I reuse LibSQL adapters for working memory and observability. See the memory overview and VoltOps guide for configuration details.

const memory = new Memory({
storage: new LibSQLMemoryAdapter({
storageLimit: 100, // Keep last 100 messages per conversation
}),
});

const observability = new VoltAgentObservability({
storage: new LibSQLObservabilityAdapter(),
});
  • LibSQLMemoryAdapter caps each conversation at 100 messages and can target local SQLite or remote Turso instances.
  • VoltAgentObservability captures spans, logs, and tool events that VoltOps renders in the web console.

Shared memory and observability view

VoltAgent Server Configuration

new VoltAgent({
agents: {
coordinatorAgent,
transcriptFetcherAgent,
blogWriterAgent,
},
server: honoServer(),
logger,
observability,
});
  • Registers all three agents so I can call them individually or through the supervisor.
  • Exposes an HTTP interface using Hono at http://localhost:3141.
  • Attaches the observability instance so trace data persists without extra wiring.

Running the Agent

Once deployed, the agent handles natural conversations for incoming requests.

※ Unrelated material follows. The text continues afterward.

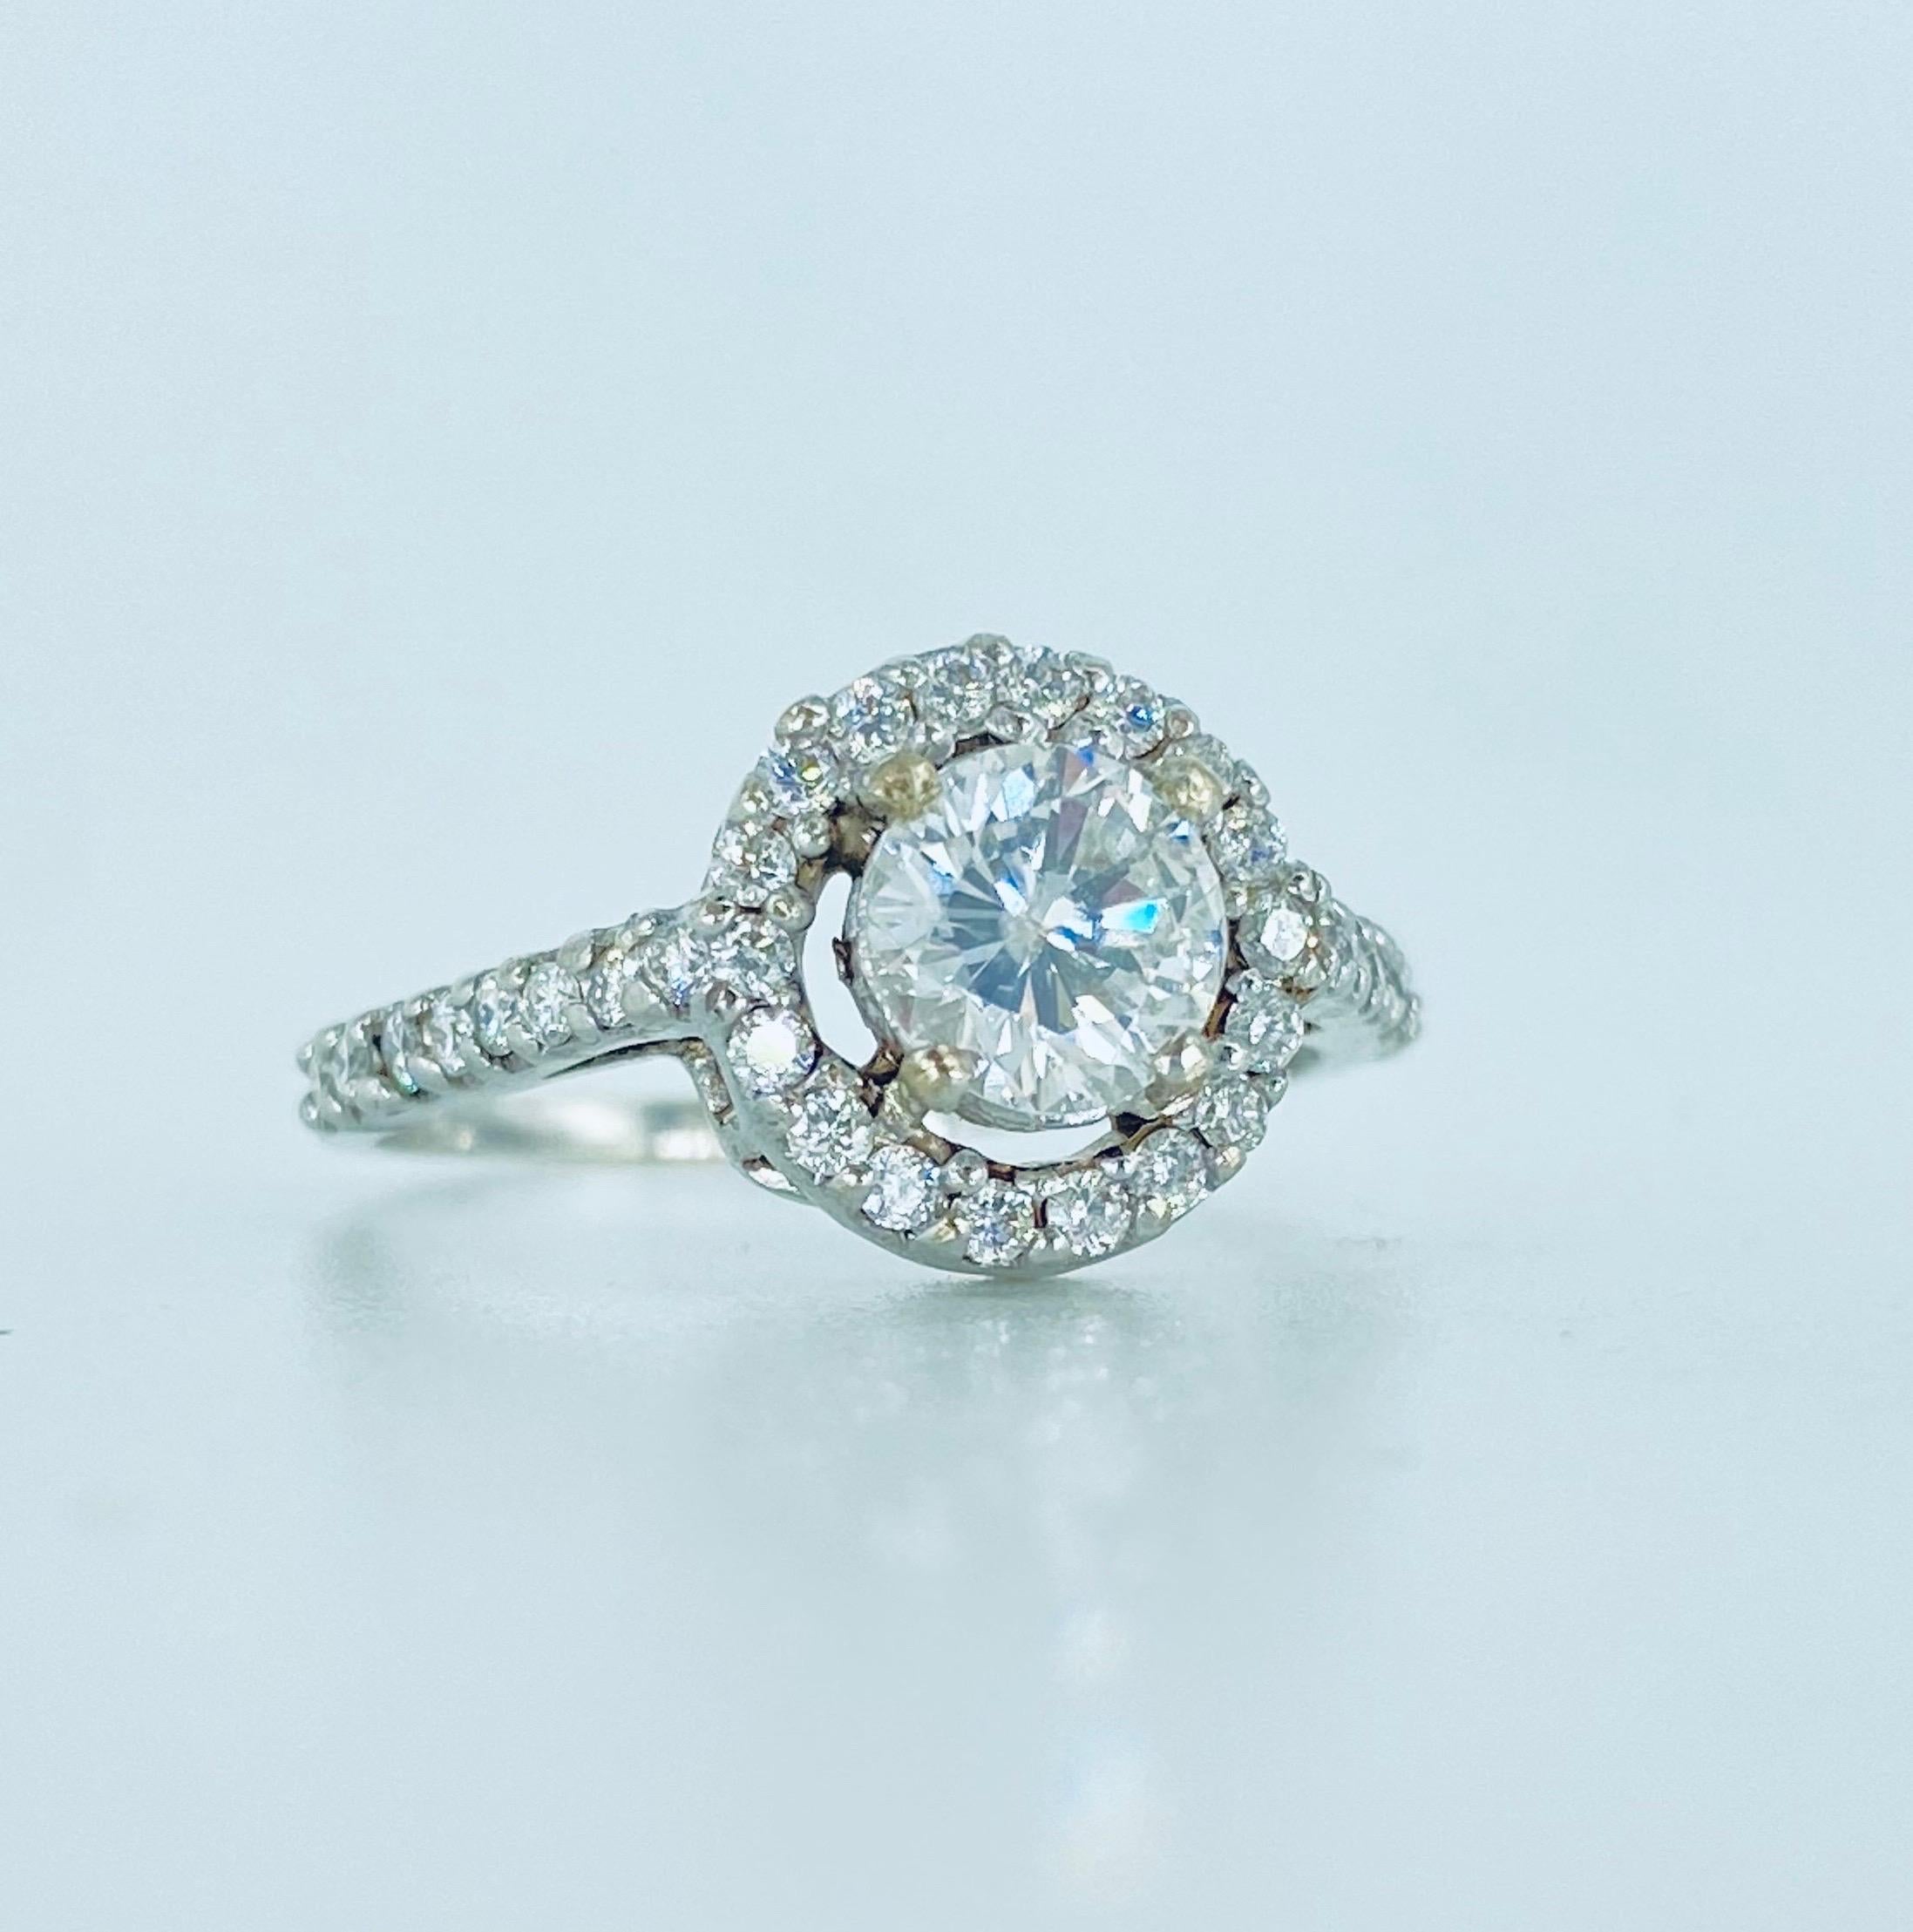 Bague de fiançailles Halo en or blanc 18k certifiée par le GIA avec 1,34 carat de diamants. Le diamant central est certifié GIA et pèse 0,66 carat E/I2. Il est entouré d'environ 0,68 carat de diamants ronds. L'anneau pèse 2,4 grammes et est fabriqué

YouTube to Blog Agent running

I watch the coordinator delegate work in three steps:

  1. TranscriptFetcher calls the MCP tool to retrieve the English transcript.
  2. BlogWriter receives the transcript and formats a structured Markdown article.
  3. The supervisor returns the Markdown output without extra commentary.

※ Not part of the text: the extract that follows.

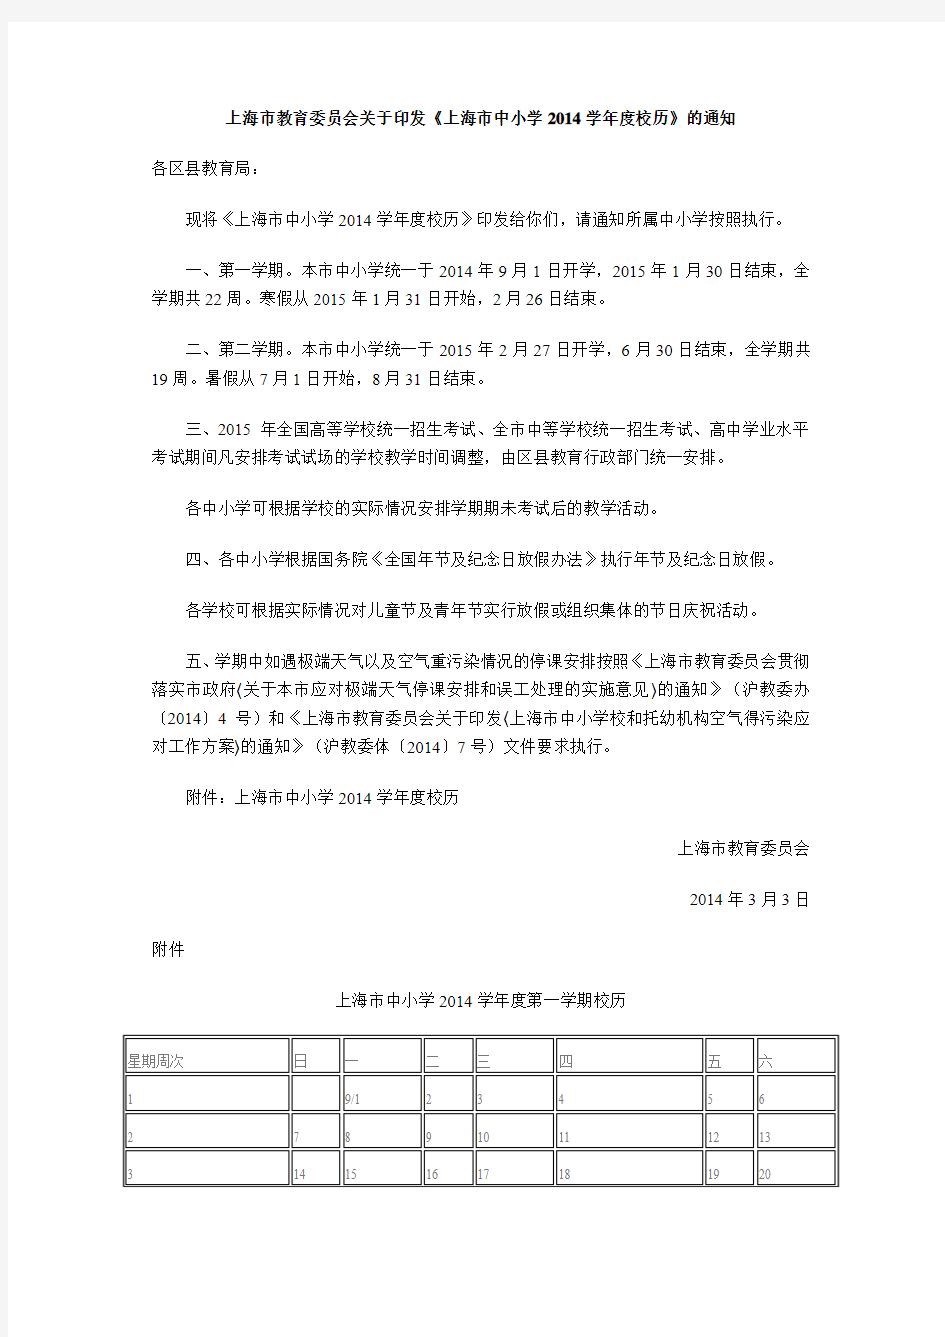 上海市中小学2014-2015学年度校历

VoltOps captures each delegation, tool call, and LLM response, so I can inspect the chain step by step.

Prompt example:

Extract the transcript of this video: https://www.youtube.com/watch?v=U6s2pdxebSo and write a blog post in English.

Next Steps

Here are the next improvements on my list:

  1. Integrate additional MCP providers (for example, keyword research or SEO scoring) before handing the transcript to the writer.
  2. Add guardrail agents that fact-check statistics or detect sensitive topics before publication.
  3. Persist finished articles to a CMS via webhooks or a platform-specific API.
  4. Allow the coordinator to branch into multiple writing styles (technical deep dive, social recap, executive summary) based on user preferences.
  5. Introduce human-in-the-loop review stages using VoltAgent workflows and the VoltOps timeline UI.